STS Lord Nelson was a sail training ship operated by the Jubilee Sailing Trust. She was designed by Colin Mudie and launched on 17 October 1986.

The ship was built by the Jubilee Sailing Trust (JST) and, along with the SV Tenacious, the pair were the only tall ships in the world that are wheelchair accessible throughout. The JST are an international UN accredited charity offering sailing adventures to people of all abilities and backgrounds. She was decommissioned in October 2019. On the 26 April 2021 the Jubilee Sailing Trust announced  a plan to  sell the vessel.

History

Build 
STS Lord Nelson was commissioned by the Jubilee Sailing Trust, and the build was started in the summer of 1984 at the yard of James W Cook, Wivenhoe, Essex. She was designed by Colin Mudie, and is his design no 342. The ship was launched almost a year after the formal keel laying.
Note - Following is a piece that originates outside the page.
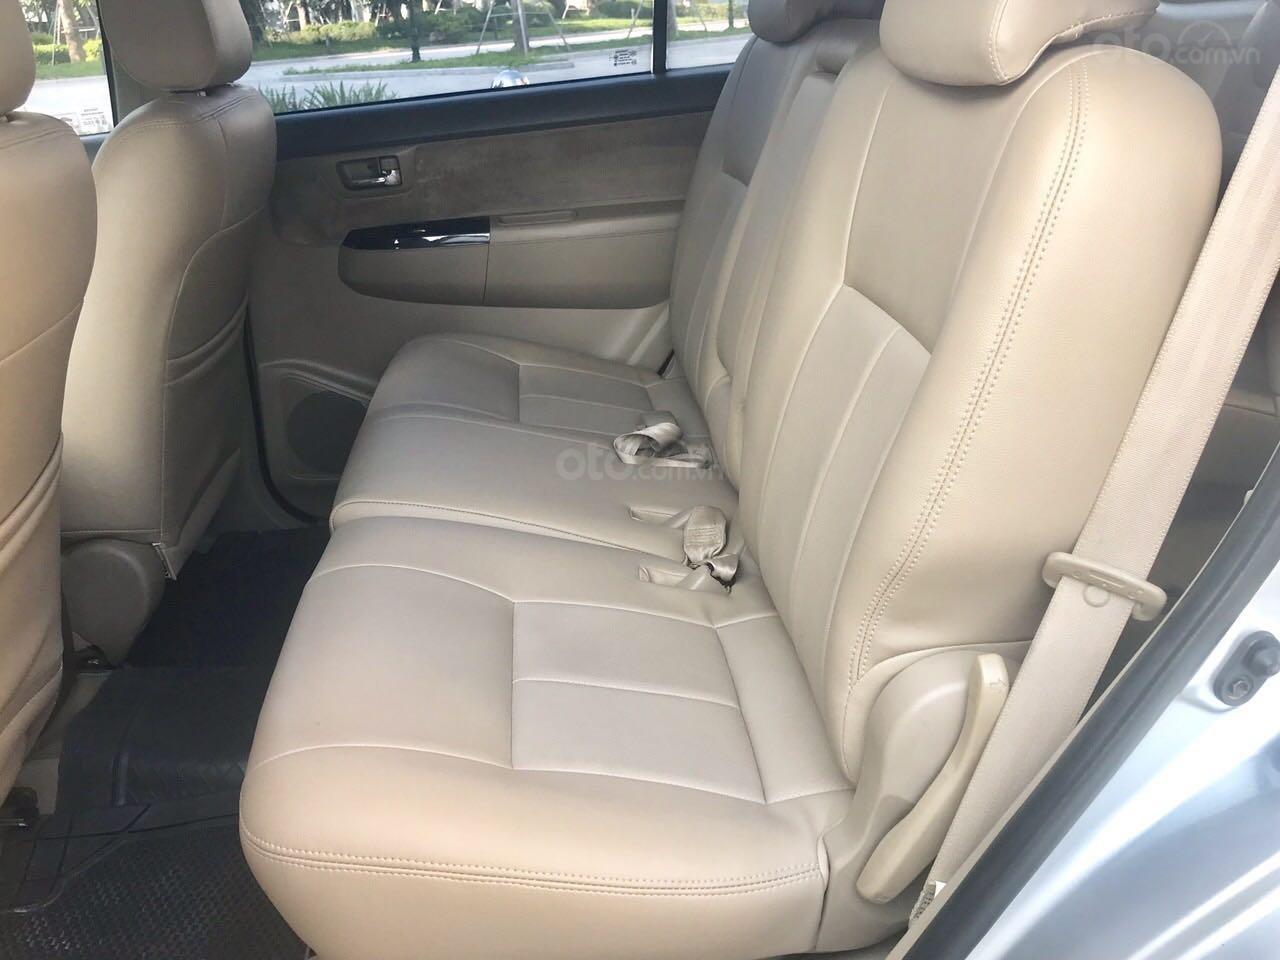 Cần bán xe Toyota Fortuner đăng ký lần đầu 2012, màu bạc, nhập khẩu nguyên chiếc, giá chỉ 670 triệu đồng (6)

After J W Cook went into voluntary liquidation, Lord Nelson was moved to Vosper Thornycroft’s yard in Woolston, Southampton. As a result of an industrial dispute at Vospers, Lord Nelson had to move again, this time to Coles Yard in Cowes where the remainder of the work was carried out. She was finally sailed in completed form from Southampton on 17 October 1986.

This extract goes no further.